Baseline was generated with
    $ valgrind --log-file='gaim_valgrind' gaim
(gzip'd output is attached as gaim_valgrind.21818.gz)


And here's the valgrind run with gaim-otr installed
    $ valgrind --log-file='gaim+otr_valgrind' gaim
(gzip'd output is attached as gaim+otr_valgrind.21678.gz)

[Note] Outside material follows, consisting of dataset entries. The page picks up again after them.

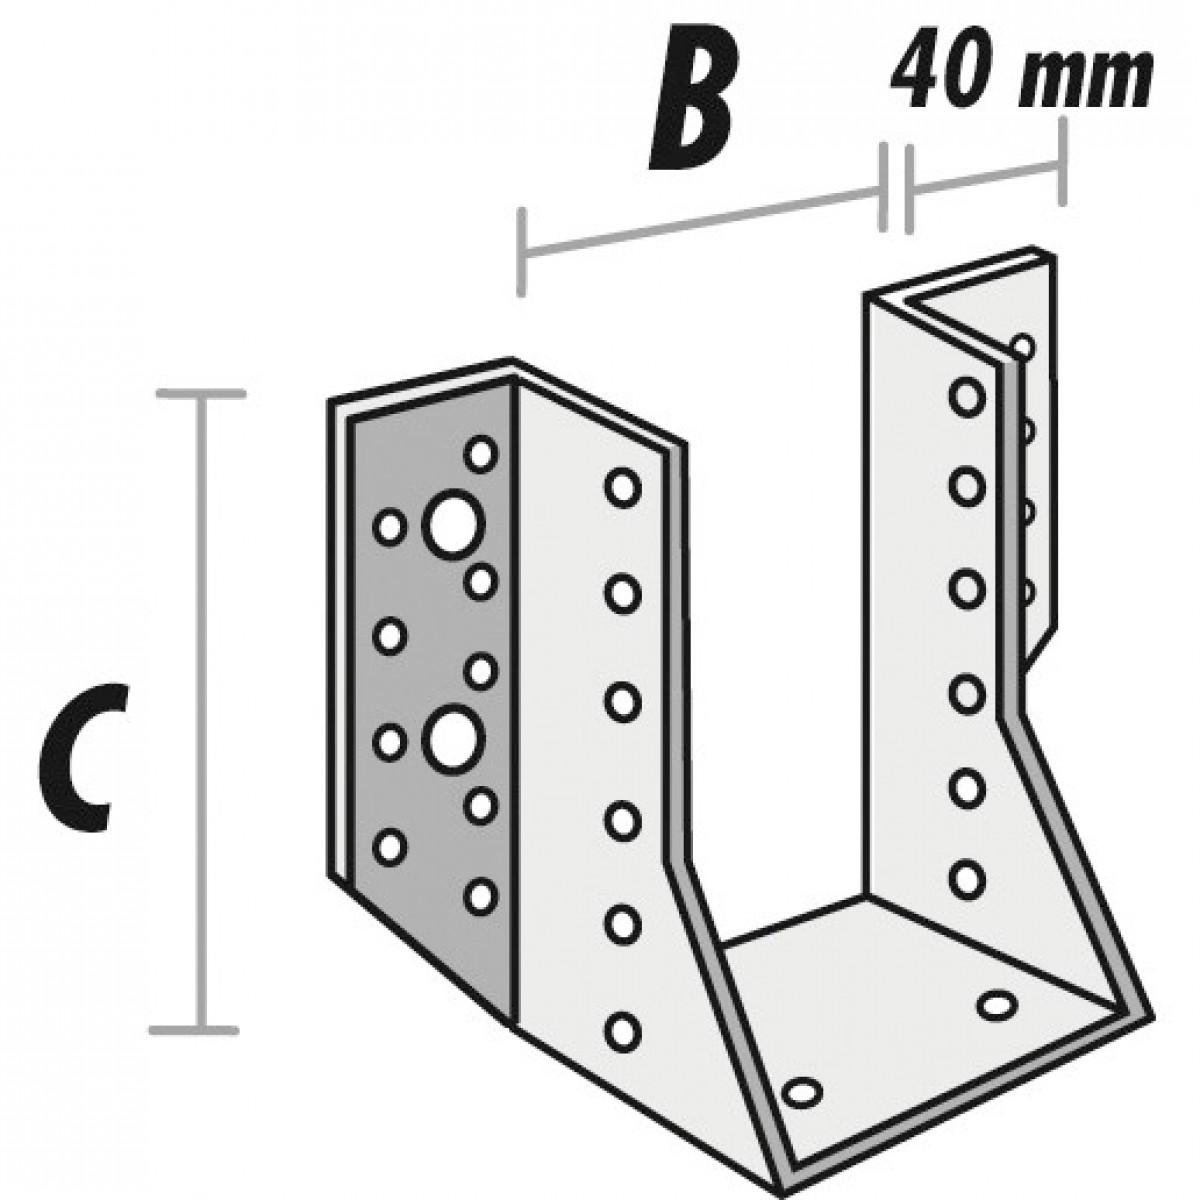 Sabot de solive aile extérieure - 200 mm x 100 mm - Alberts
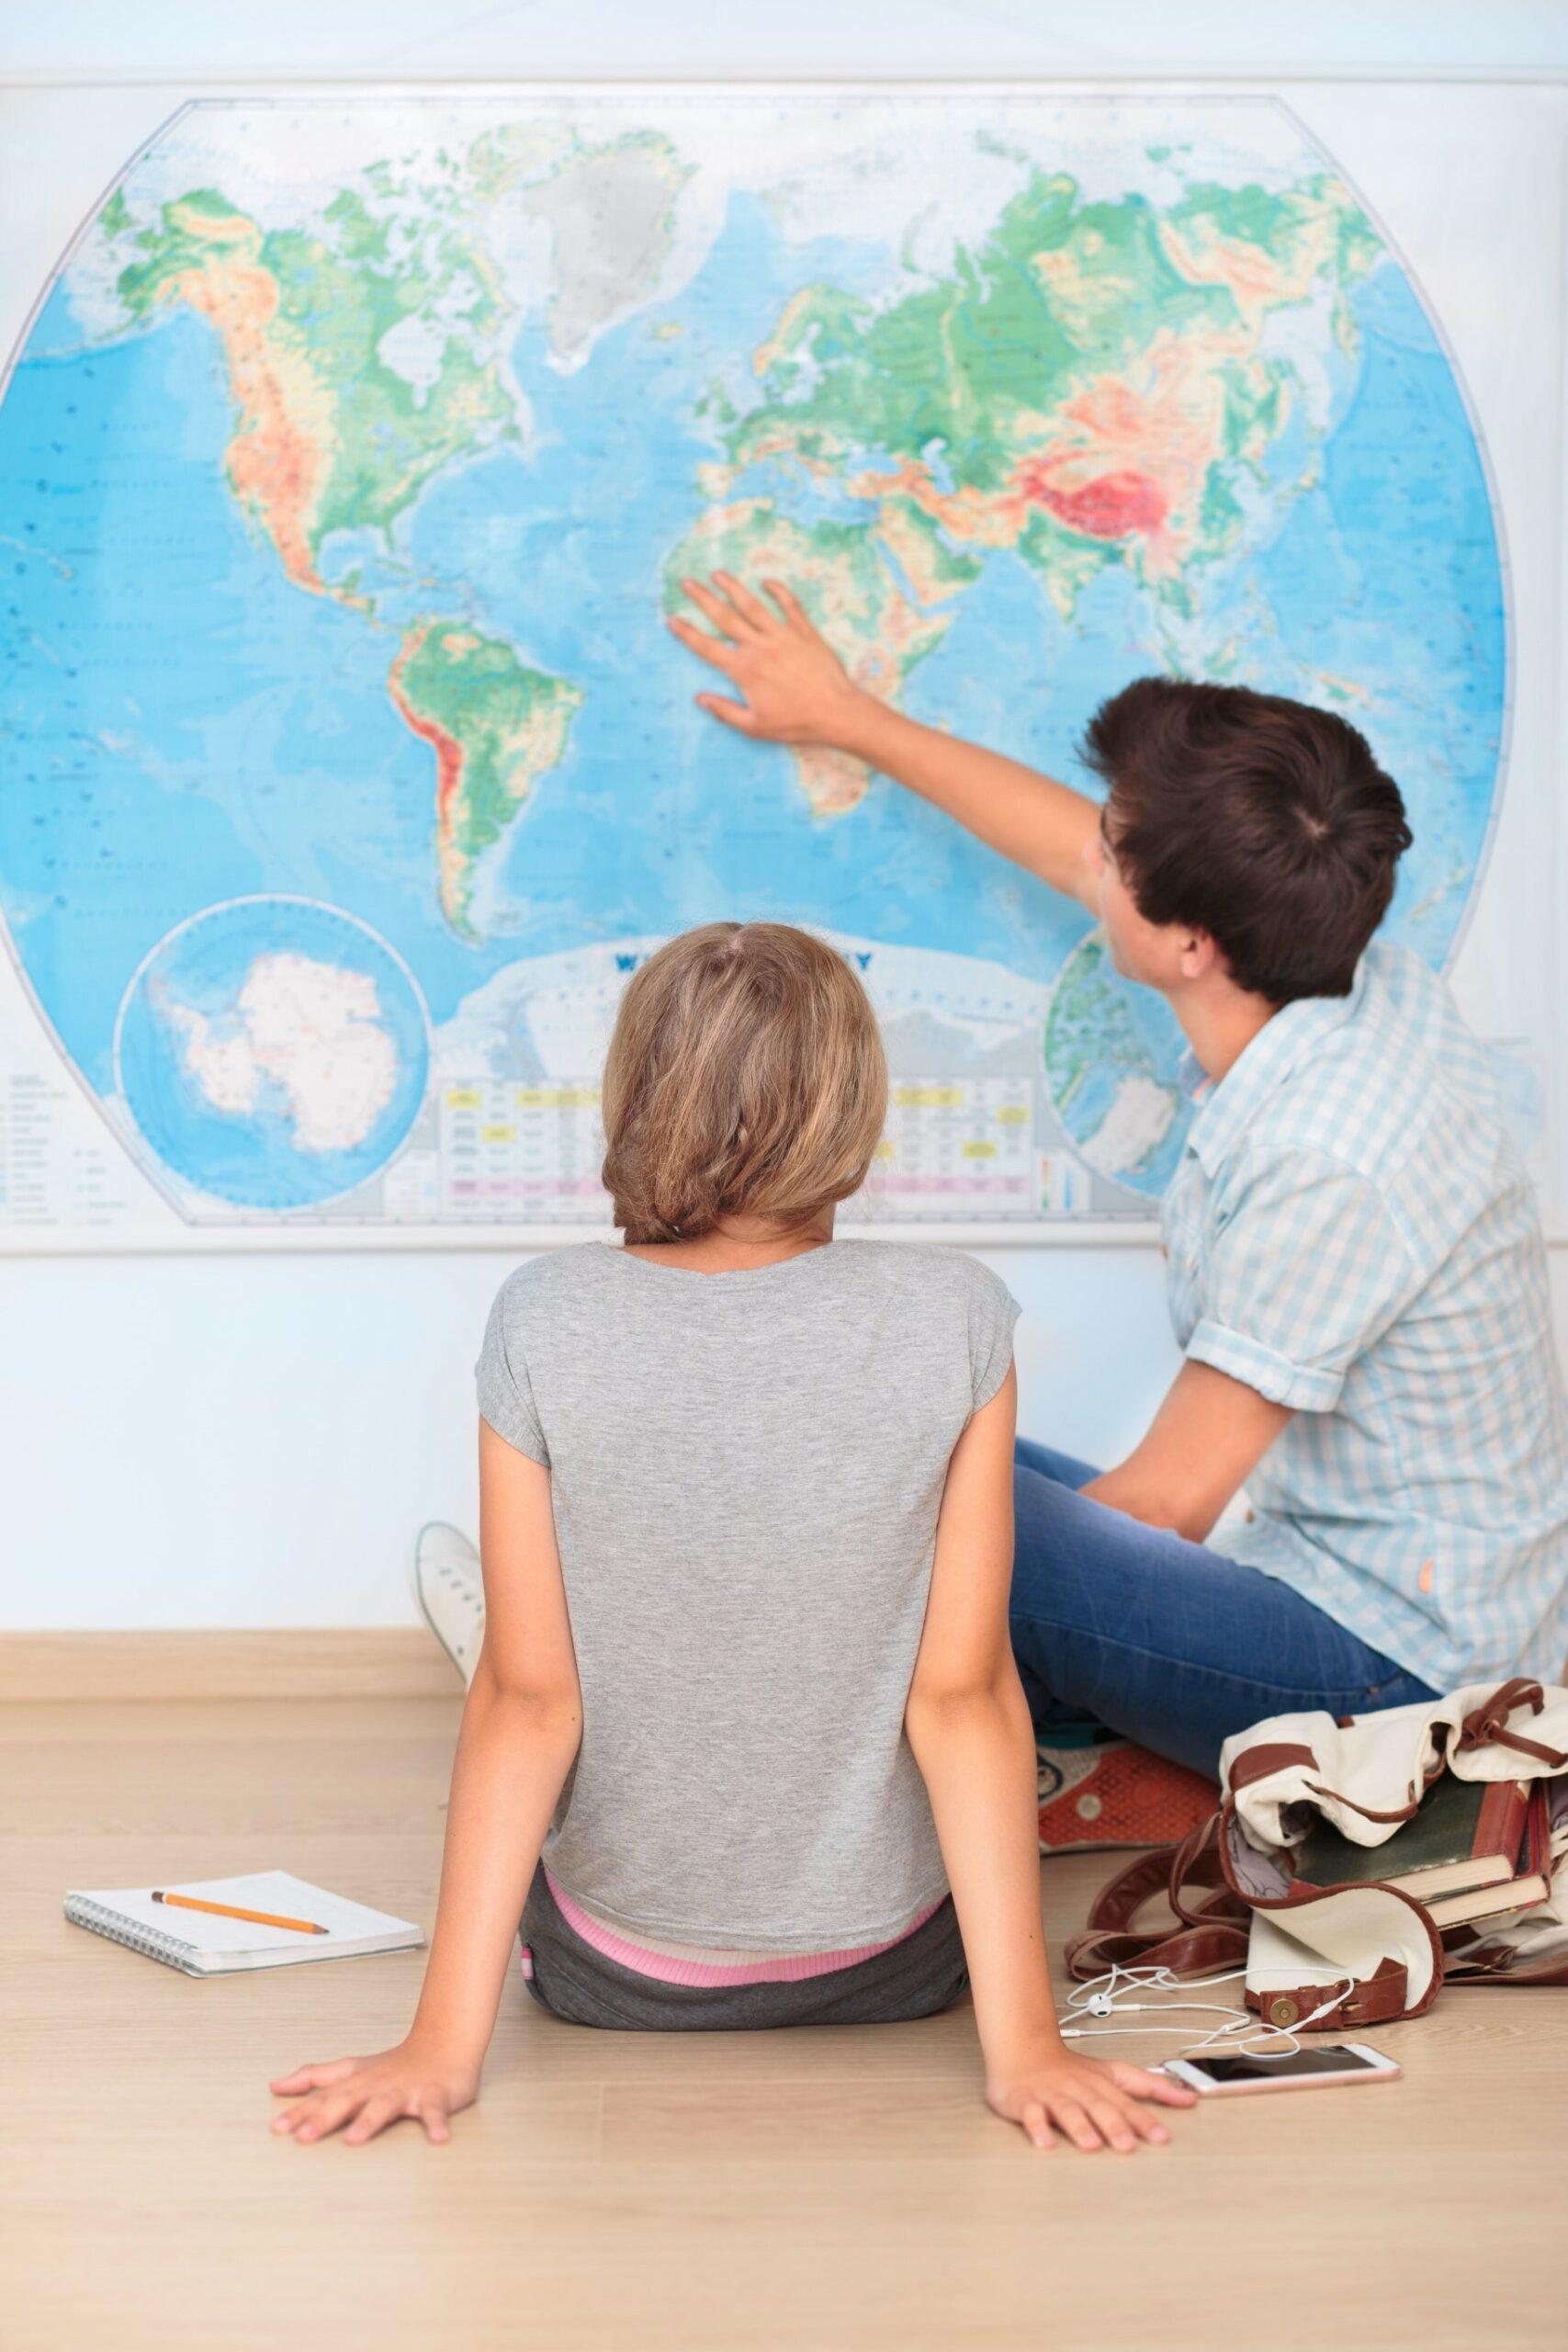 élèves travaillant sur une carte de géographie affichée au tableau
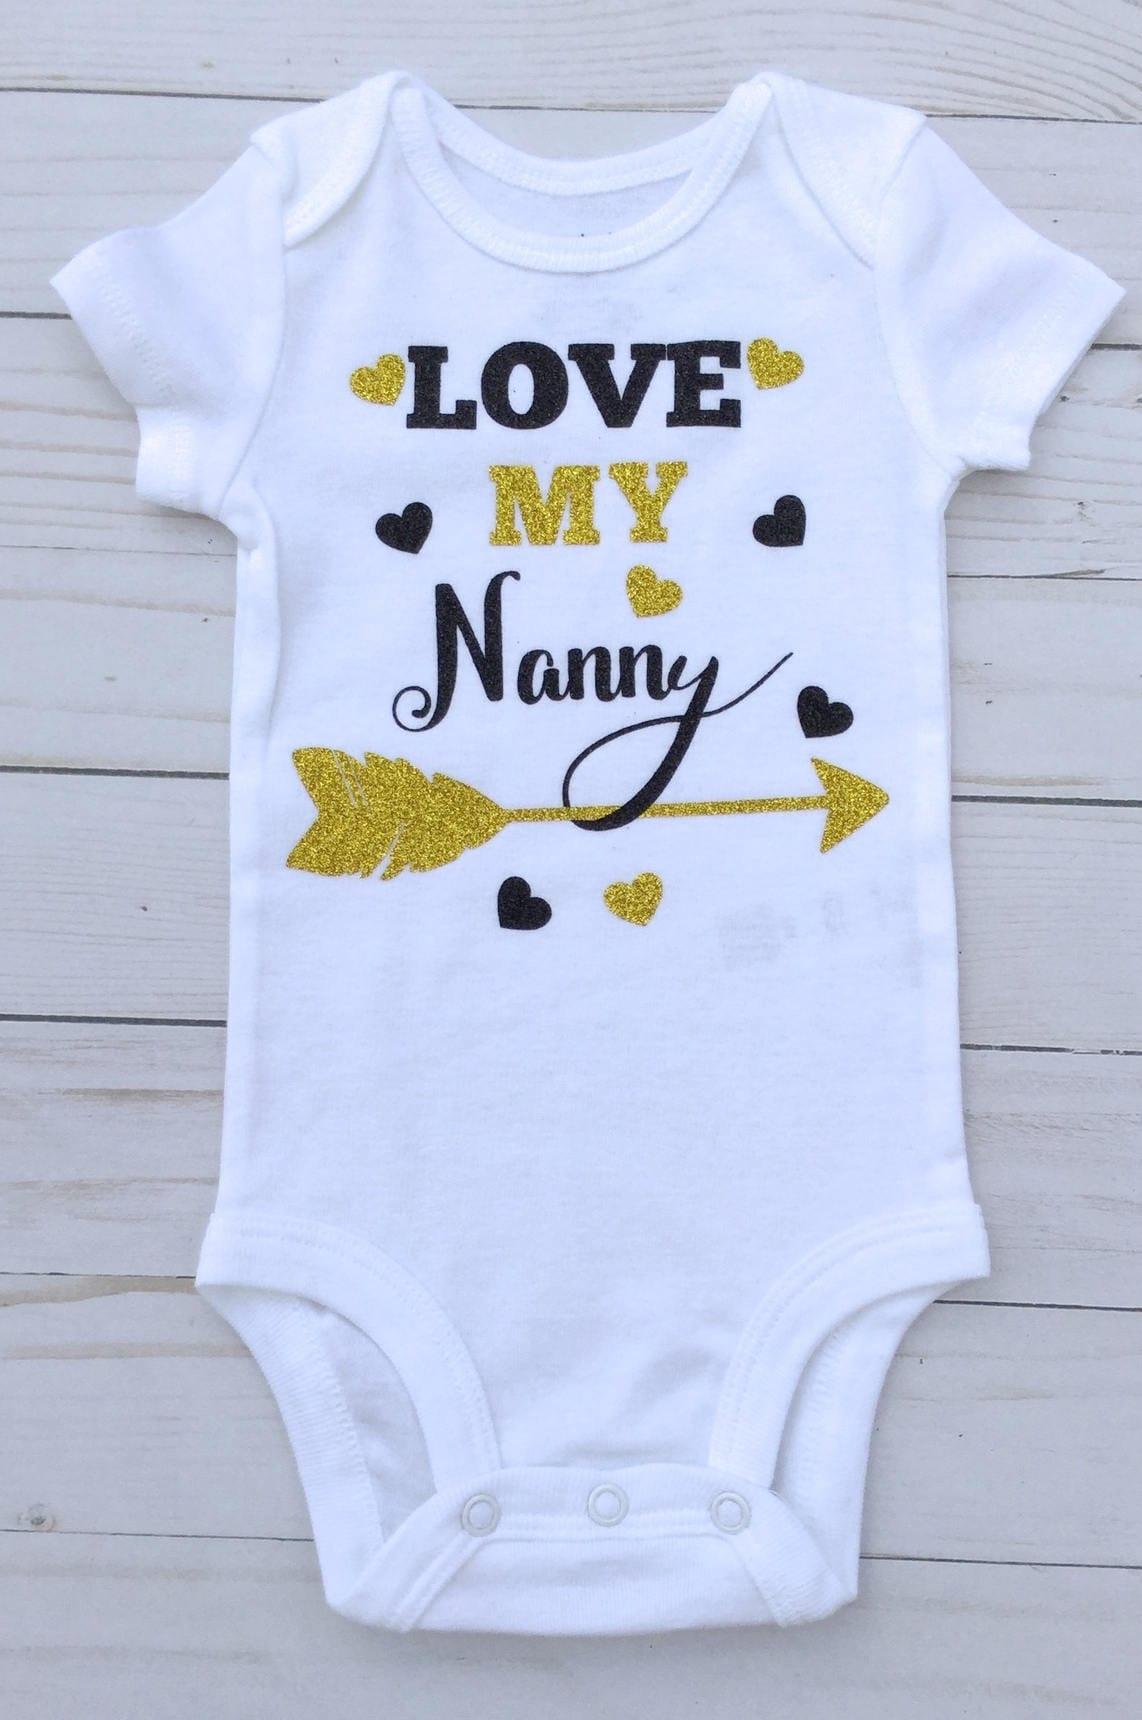 79808228e Nanny/Gold and Black/Grandmother Gift/Love Nanny Bodysuit/ Baby Shower  Gift/ Yaya Bodysuit/ Mimi Bodysuit/ GiGi Baby Clothes/ Gigi
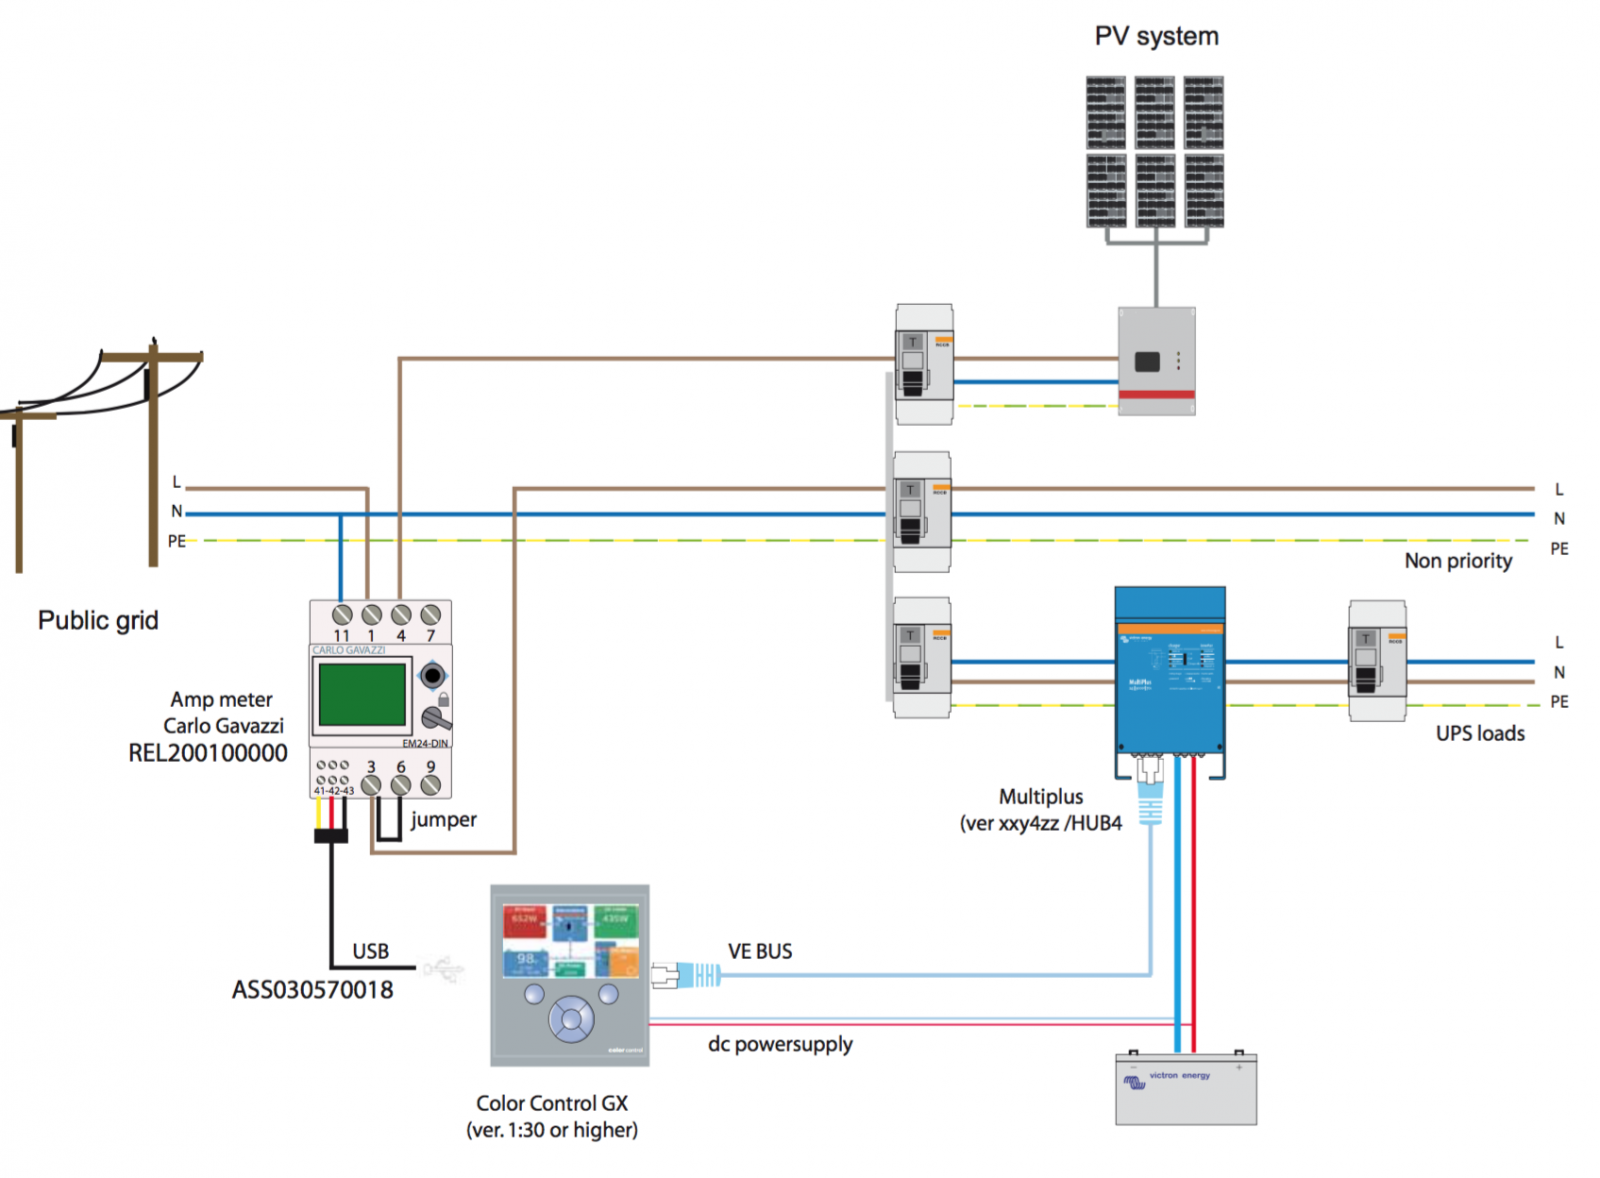 virago 920 wiring diagram xv920 wiring diagram wiring diagram data  xv920 wiring diagram wiring diagram data

Ok, here's what I see at first glance:


Baseline run of valgrind:
-------------------------
PID of gaim is 21818.
At line 116 of the valgrind capture, it shows PID 21819, which should be
the DNS child (which works ok without OTR installed, but you can see the
reports about memory leaks that valgrind complains about) before it goes
back to main gaim PID 21818 at line 130.


Gaim+OTR run of valgrind:
-------------------------
PID of gaim is 21678.
At line 116 of the valgrind capture, it shows PID 21680, which should be
the DNS child again.  However, with OTR installed, there is now a sequence:
=====
Invalid read of size 8
  at 0xEC17AF9: (within /usr/lib/libotr.so.2.0.0)
  by 0x93C4358: (within /usr/lib/libgnutls.so.13.0.9)
  by 0x93B939F: gnutls_deinit (in /usr/lib/libgnutls.so.13.0.9)
  by 0x8DF8045: gnutls_SSL_free (in /usr/lib/libldap_r.so.2.0.130)
  by 0x8DF62D9: (within /usr/lib/libldap_r.so.2.0.130)
  by 0x8F0FA38: ber_sockbuf_remove_io (in /usr/lib/liblber.so.2.0.130)
  by 0x8F0FAC6: ber_int_sb_destroy (in /usr/lib/liblber.so.2.0.130)
  by 0x8F0FB3B: ber_sockbuf_free (in /usr/lib/liblber.so.2.0.130)
  by 0x8DE25CF: ldap_ld_free (in /usr/lib/libldap_r.so.2.0.130)
  by 0x8CB0C7C: (within /lib/libnss_ldap-2.3.6.so)
  by 0x8CB425E: (within /lib/libnss_ldap-2.3.6.so)
  by 0x64FC03E: fork (in /usr/lib/debug/libc-2.3.6.so)
Address 0xAA0EB10 is 8 bytes before a block of size 1,072 alloc'd
  at 0x4A1BA55: malloc (vg_replace_malloc.c:149)
  by 0x9AC4B12: (within /usr/lib/libgcrypt.so.11.2.2)
  by 0x9AC4CE8: gcry_malloc (in /usr/lib/libgcrypt.so.11.2.2)
  by 0x9AC4EEE: gcry_calloc (in /usr/lib/libgcrypt.so.11.2.2)
  by 0x9AC9DEA: gcry_cipher_open (in /usr/lib/libgcrypt.so.11.2.2)
  by 0x93C44E2: (within /usr/lib/libgnutls.so.13.0.9)
  by 0x93A8936: _gnutls_cipher_init (in /usr/lib/libgnutls.so.13.0.9)
  by 0x93B2E6C: _gnutls_read_connection_state_init (in
/usr/lib/libgnutls.so.13.0.9)
  by 0x93A3FEC: (within /usr/lib/libgnutls.so.13.0.9)
  by 0x93A4105: _gnutls_handshake_common (in /usr/lib/libgnutls.so.13.0.9)
  by 0x93A4CBF: gnutls_handshake (in /usr/lib/libgnutls.so.13.0.9)
  by 0x8DF7E0D: (within /usr/lib/libldap_r.so.2.0.130)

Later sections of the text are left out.